## TASK DESCRIPTION
Could every line of the listing be output exactly, with the pictures skipped?

## DATA EXCERPT
━━━━━━━━━━━━━━━━

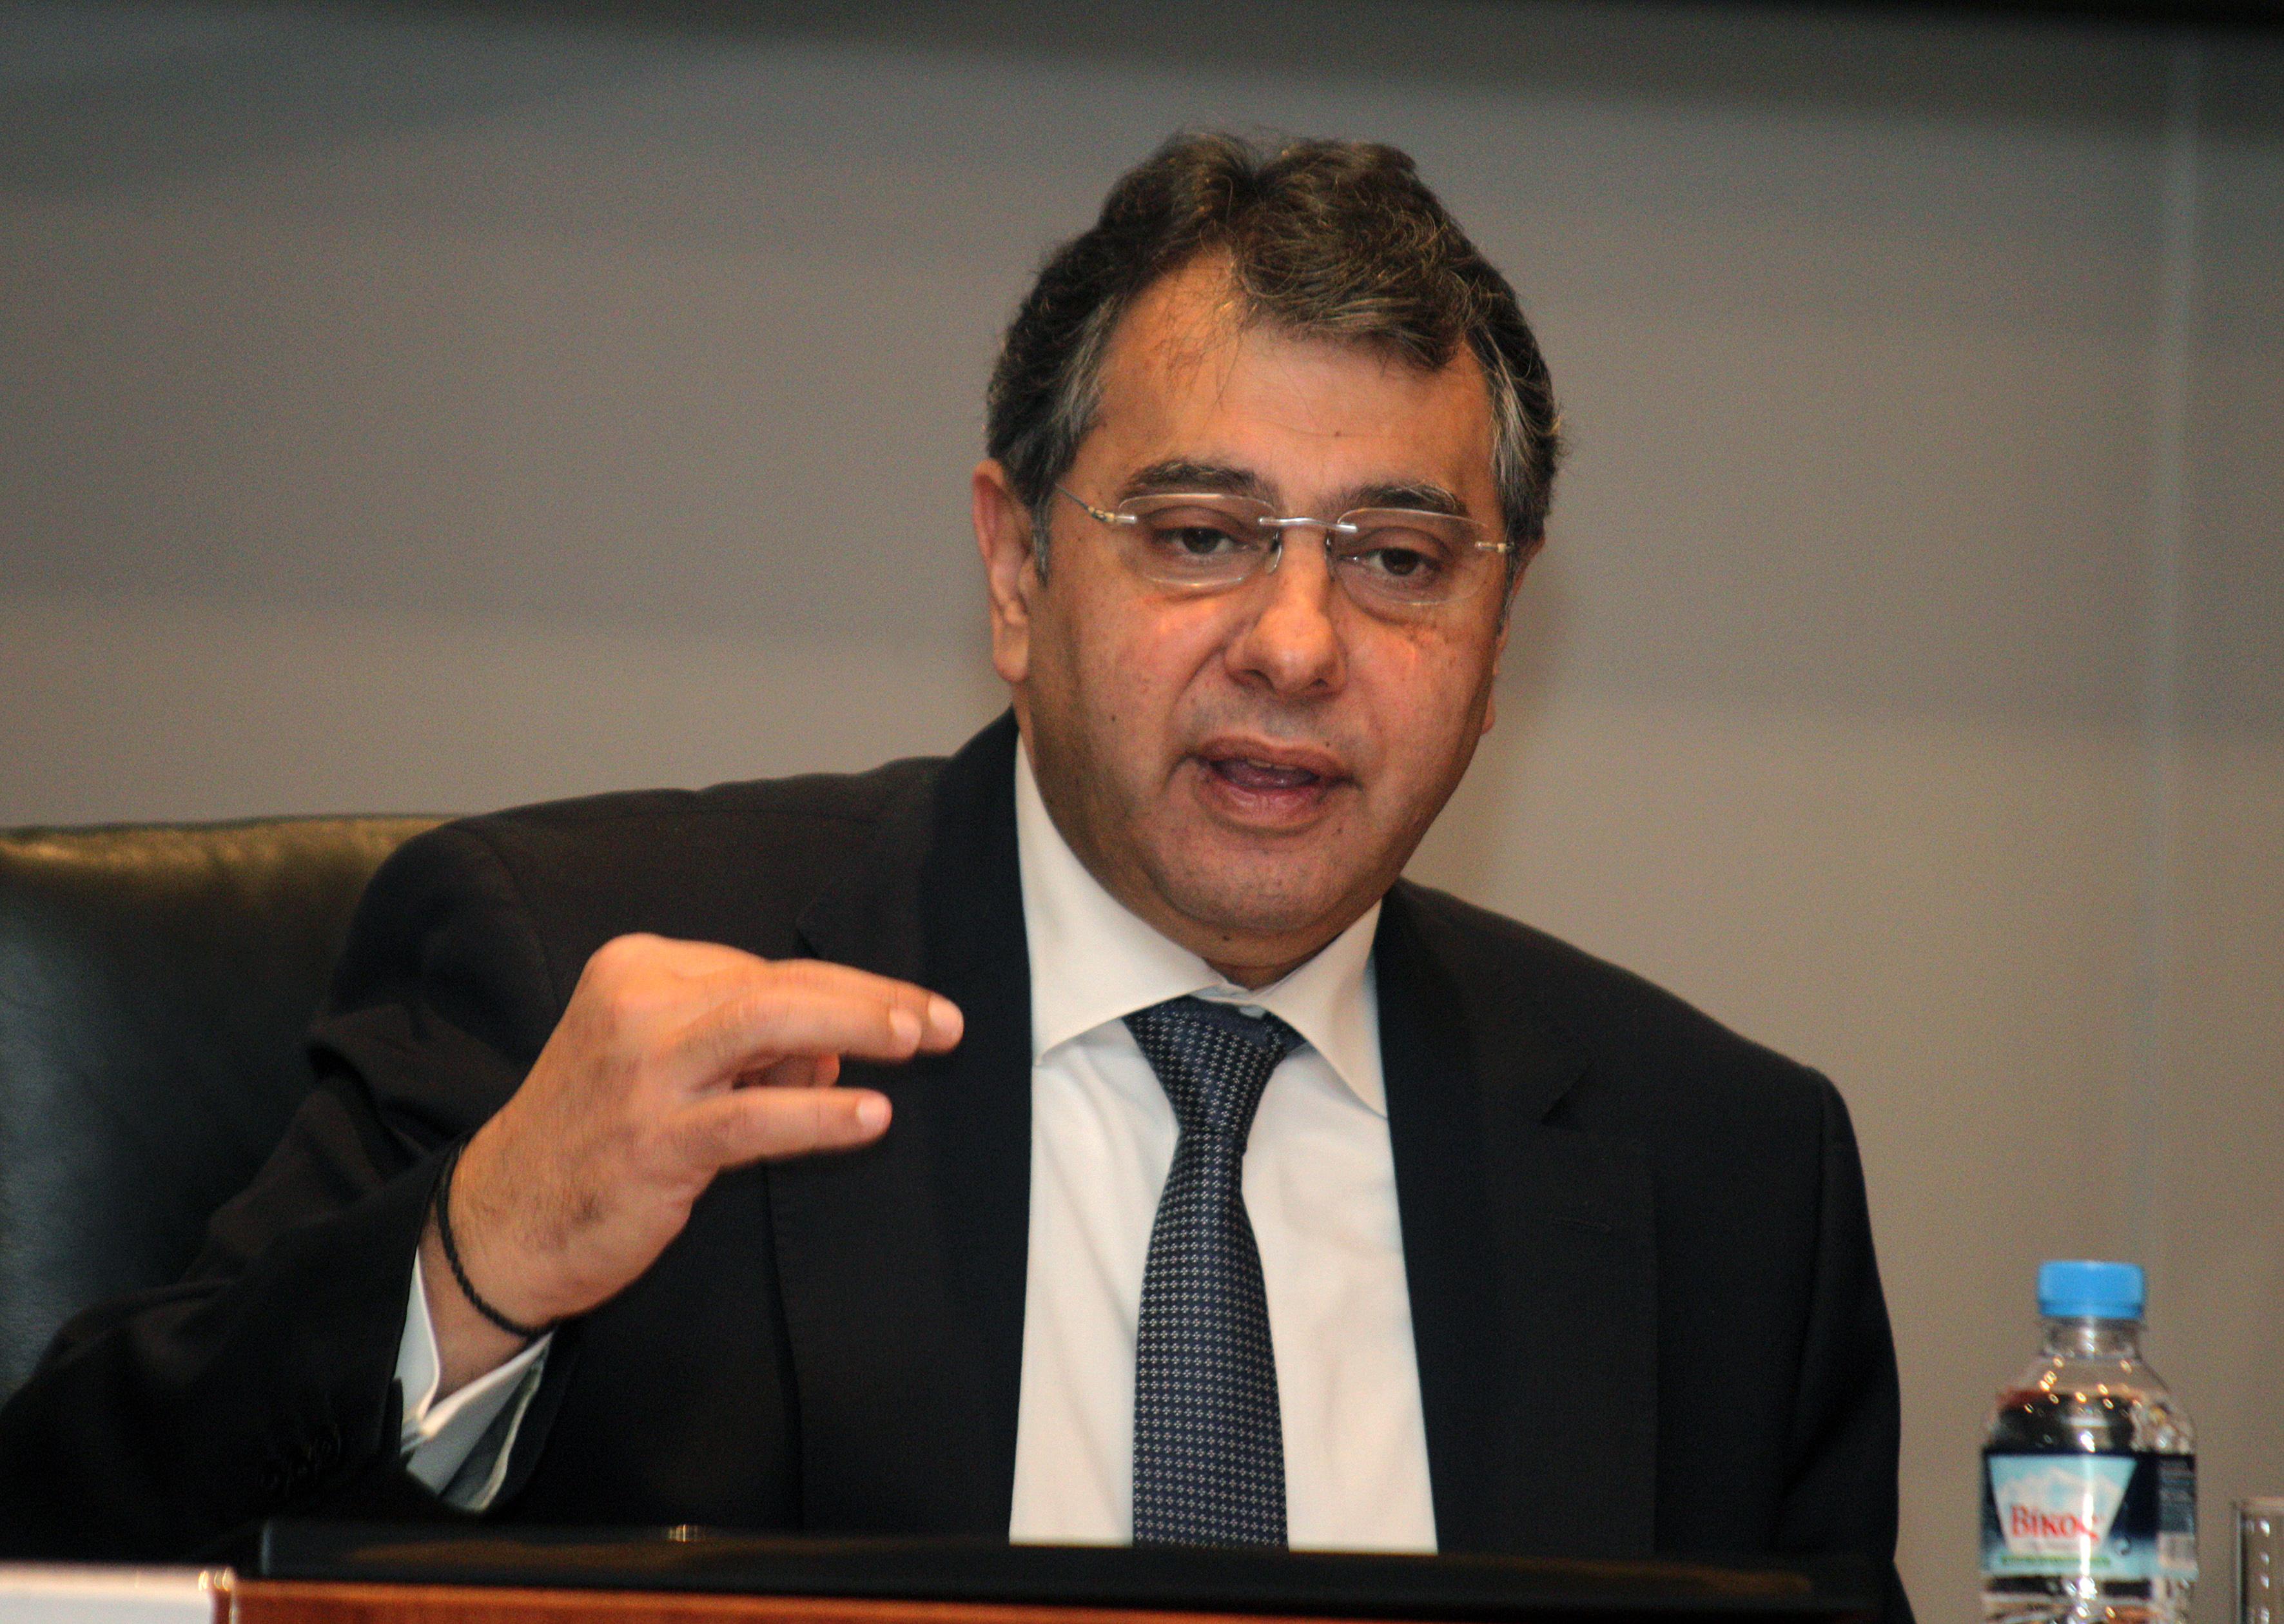 Ο Β.Κορκίδης Αντιπρόεδρος της Ευρωπαϊκής Συνομοσπονδίας ΜμΕ   tovima.gr
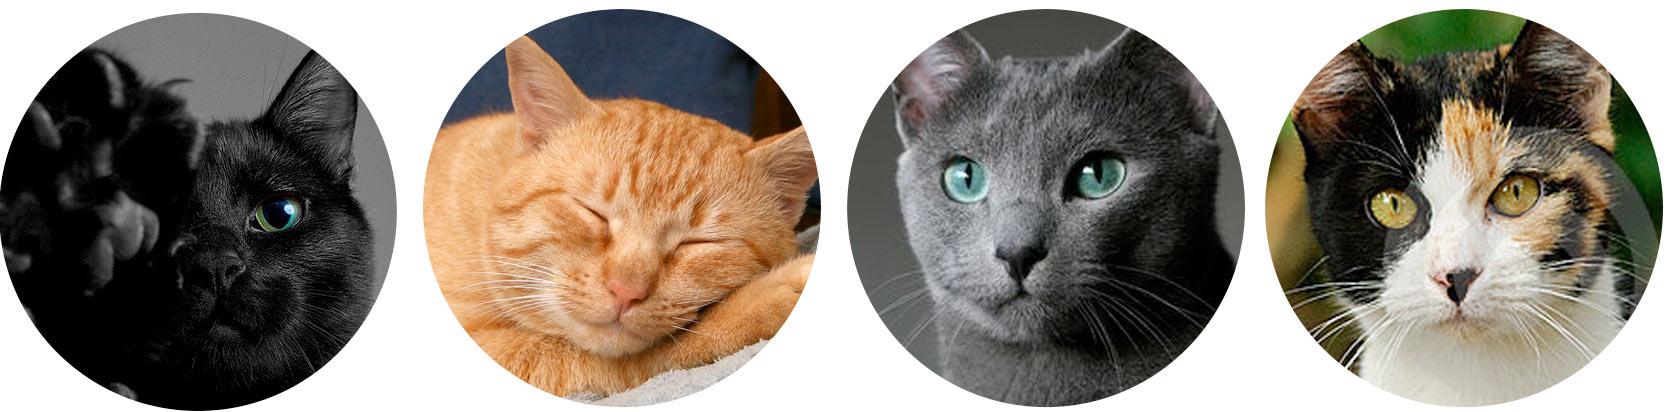 окрас у кошки
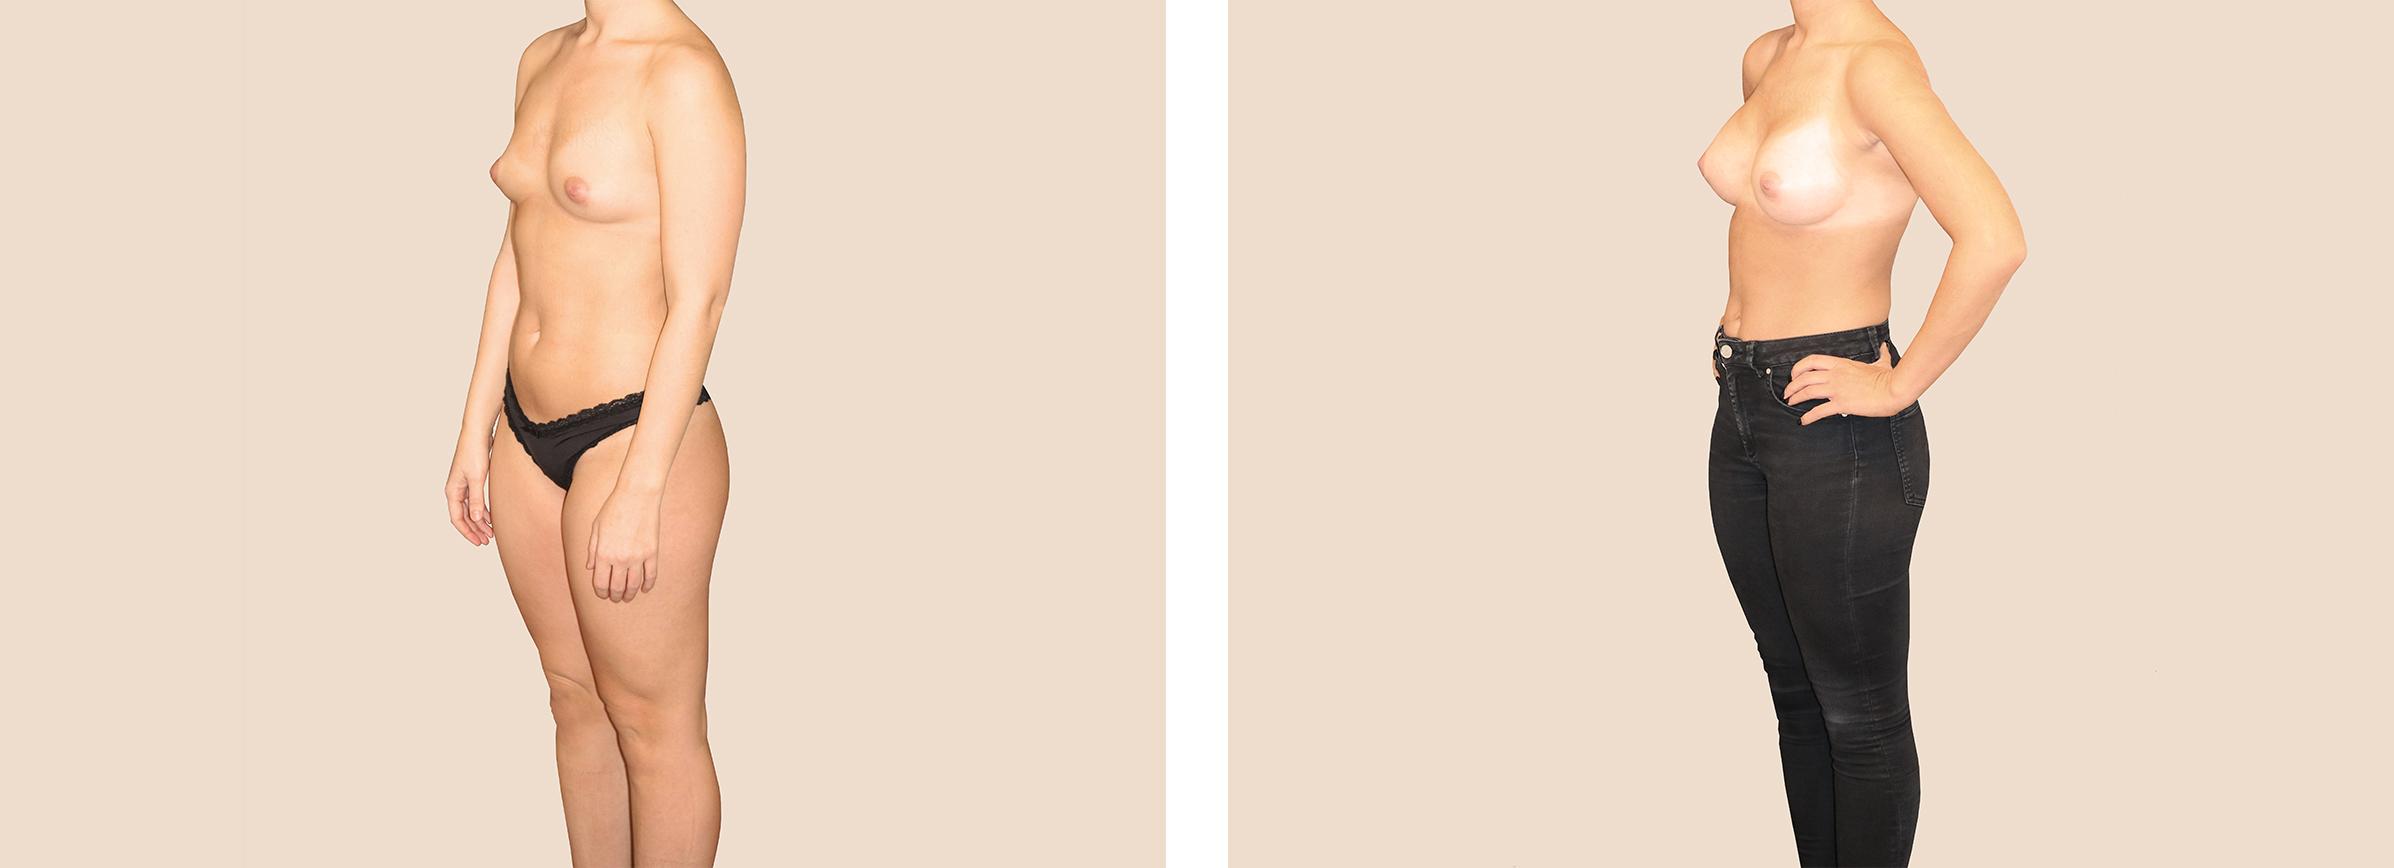 bröstimplantat före och efter
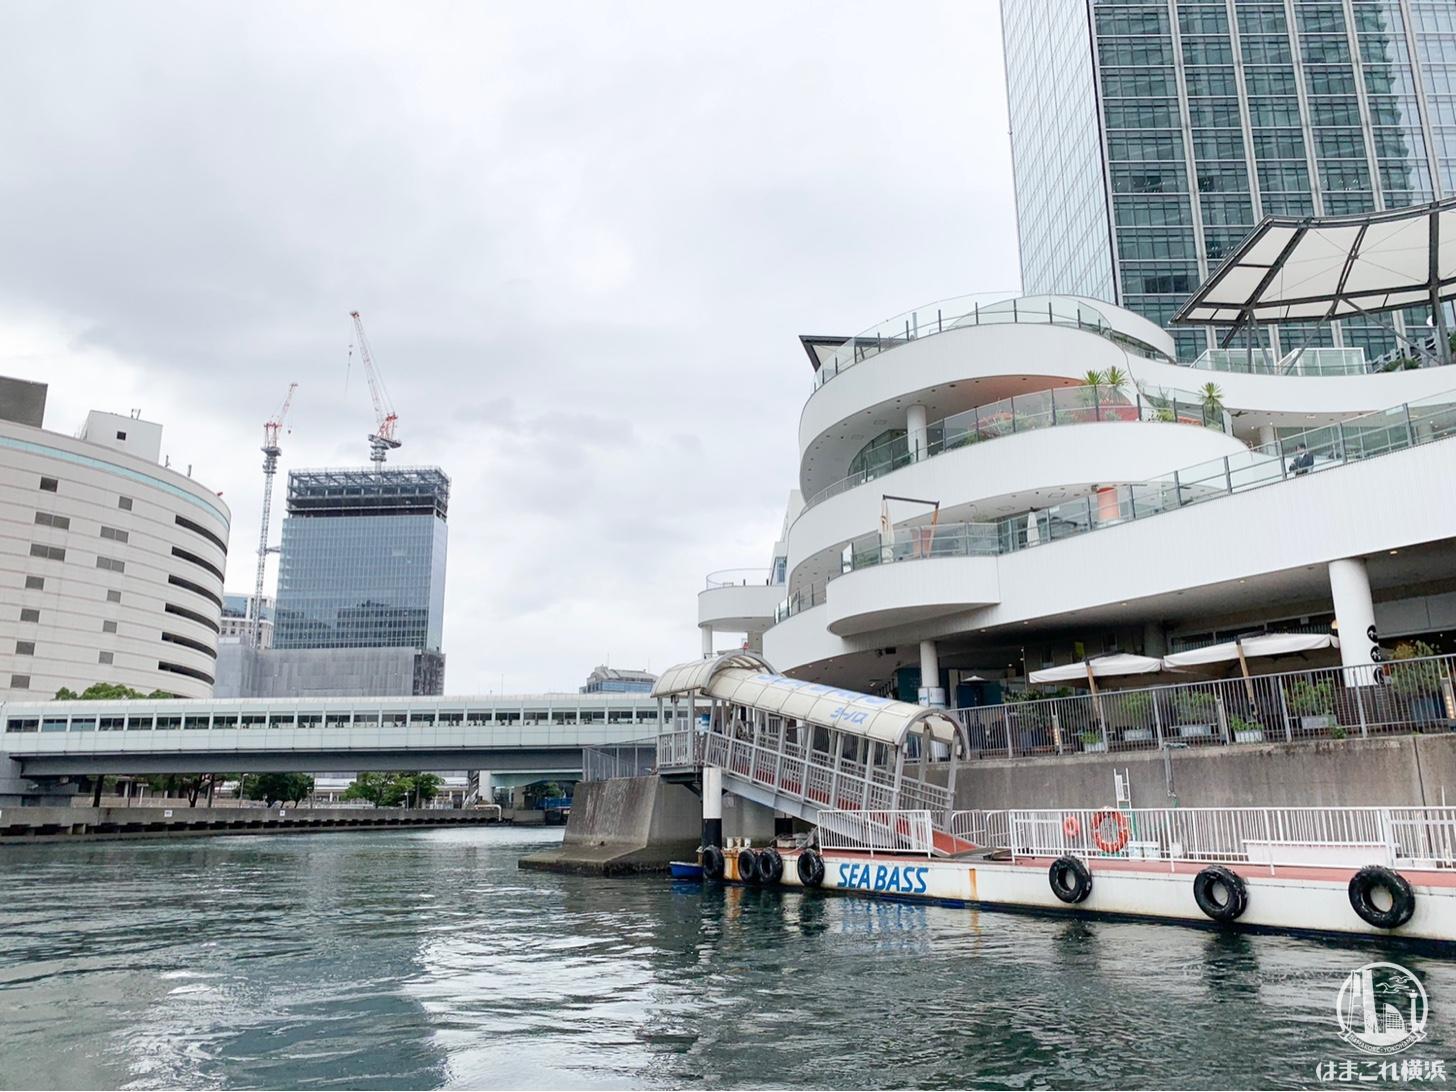 横浜駅東口を出発するシーバス

━━━━━━━━━━━━━━━━

## ANSWER SPACE
 Ο Β.Κορκίδης Αντιπρόεδρος της Ευρωπαϊκής Συνομοσπονδίας ΜμΕ   tovima.gr
 окрас у кошки
 bröstimplantat före och efter
 横浜駅東口を出発するシーバス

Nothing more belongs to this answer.